Combining the Results
Now that we've found the limits of both components, we can combine them to find the limit of the entire expression. We found:
lim (x->0) (-e^(2x) + 1)/x = -2
and
lim (x->0) sin(2019x)/x = 2019
So, the original limit is:
lim (x->0) (-e^(2x)/x + 1/x + sin(2019x)/x) = lim (x->0) [(-e^(2x) + 1)/x + sin(2019x)/x]
= -2 + 2019
= 2017
Final Answer
Therefore, the limit of the expression as x approaches 0 is 2017. Woohoo! We did it!
Key Takeaways
- Indeterminate Forms: When evaluating limits, always check for indeterminate forms like 0/0 or ∞/∞. These forms indicate that you need to use techniques like L'Hôpital's Rule or series expansions.
- L'Hôpital's Rule: This rule is a powerful tool for evaluating limits of indeterminate forms. Remember to differentiate the numerator and the denominator separately.
- Known Limits: Recognizing and using known limits (like lim (x->0) sin(x)/x = 1) can simplify complex problems.
- Substitution: Sometimes, a clever substitution can transform a limit into a more manageable form.
- Breaking Down Problems: Complex problems often become easier when you break them down into smaller, more manageable parts.
Alternative Methods
While we used L'Hôpital's Rule and a known limit to solve this problem, there are other approaches we could have taken.
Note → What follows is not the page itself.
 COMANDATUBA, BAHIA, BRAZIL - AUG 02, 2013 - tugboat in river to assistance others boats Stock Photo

For instance, we could have used Taylor series expansions to approximate the functions near x = 0. Let’s briefly look at how that would work.
Taylor Series Expansion
The Taylor series expansion of e^(2x) around x = 0 is:
e^(2x) = 1 + 2x + (2x)^2/2! + (2x)^3/3! + ...
So, -e^(2x) + 1 = -2x - 2x^2 - (4x^3)/3 - ...
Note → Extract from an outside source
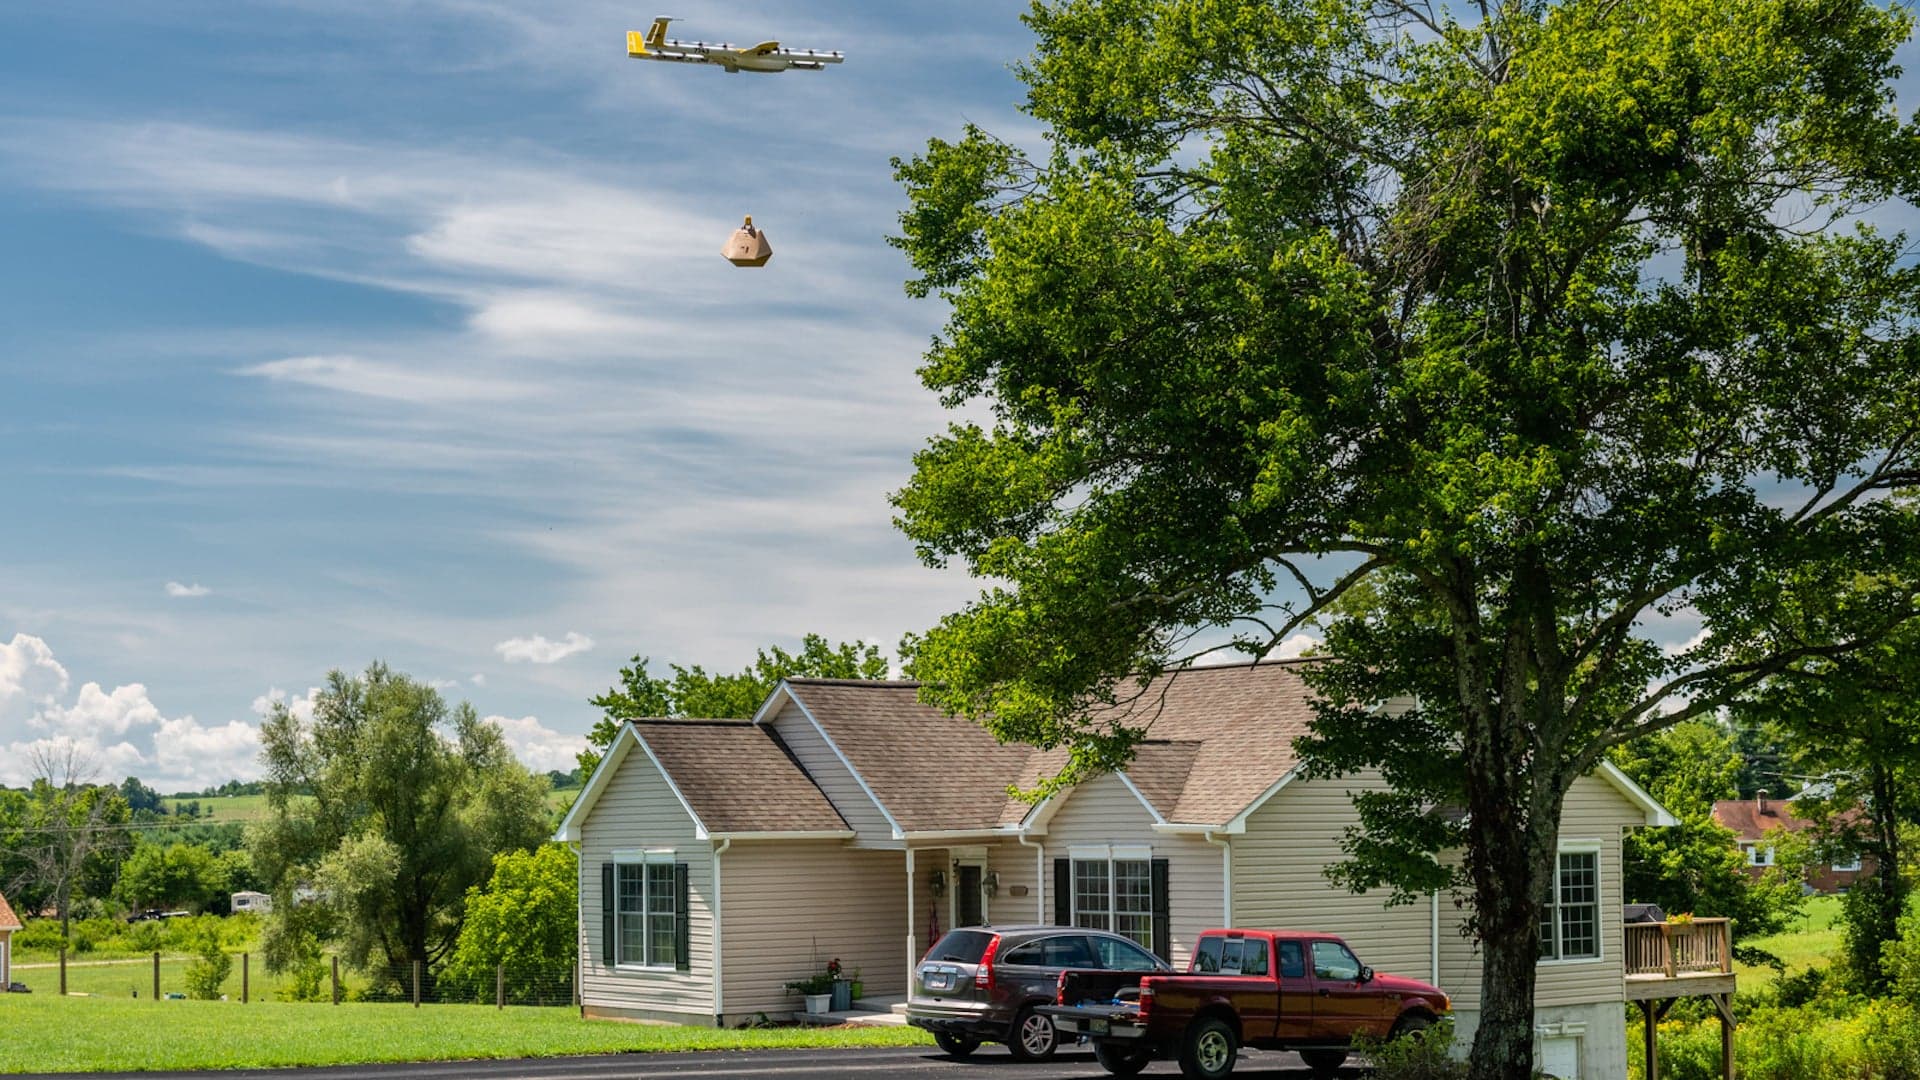 Project Wing Completes First Long-Distance, Residential Drone Delivery in US

Thus, (-e^(2x) + 1)/x = -2 - 2x - (4x^2)/3 - ...
As x approaches 0, this expression approaches -2, which matches our previous result.
The Taylor series expansion of sin(2019x) around x = 0 is:
sin(2019x) = 2019x - (2019x)^3/3! + (2019x)^5/5! - ...
So, sin(2019x)/x = 2019 - (2019^3 * x^2)/3! + ...
As x approaches 0, this expression approaches 2019, which also matches our previous result.
Using Taylor series expansions can be a powerful alternative to L'Hôpital's Rule, especially when dealing with more complex functions. It’s always good to have multiple tools in your calculus toolkit!
Practice Makes Perfect
Evaluating limits is a fundamental skill in calculus, and like any skill, it improves with practice. Try tackling similar problems and experimenting with different techniques. The more you practice, the more comfortable and confident you'll become.
So, keep practicing, keep exploring, and keep pushing your mathematical boundaries. You've got this!
Conclusion
Evaluating the limit lim (x->0) (-e^(2x)/x + 1/x + sin(2019x)/x) was a challenging but rewarding exercise. By breaking down the problem into smaller parts, applying L'Hôpital's Rule, and using known limits, we successfully found the limit to be 2017. We also explored an alternative method using Taylor series expansions, reinforcing the idea that there are often multiple paths to the same solution in calculus. I hope this explanation was helpful and insightful. Keep up the great work, and happy calculating!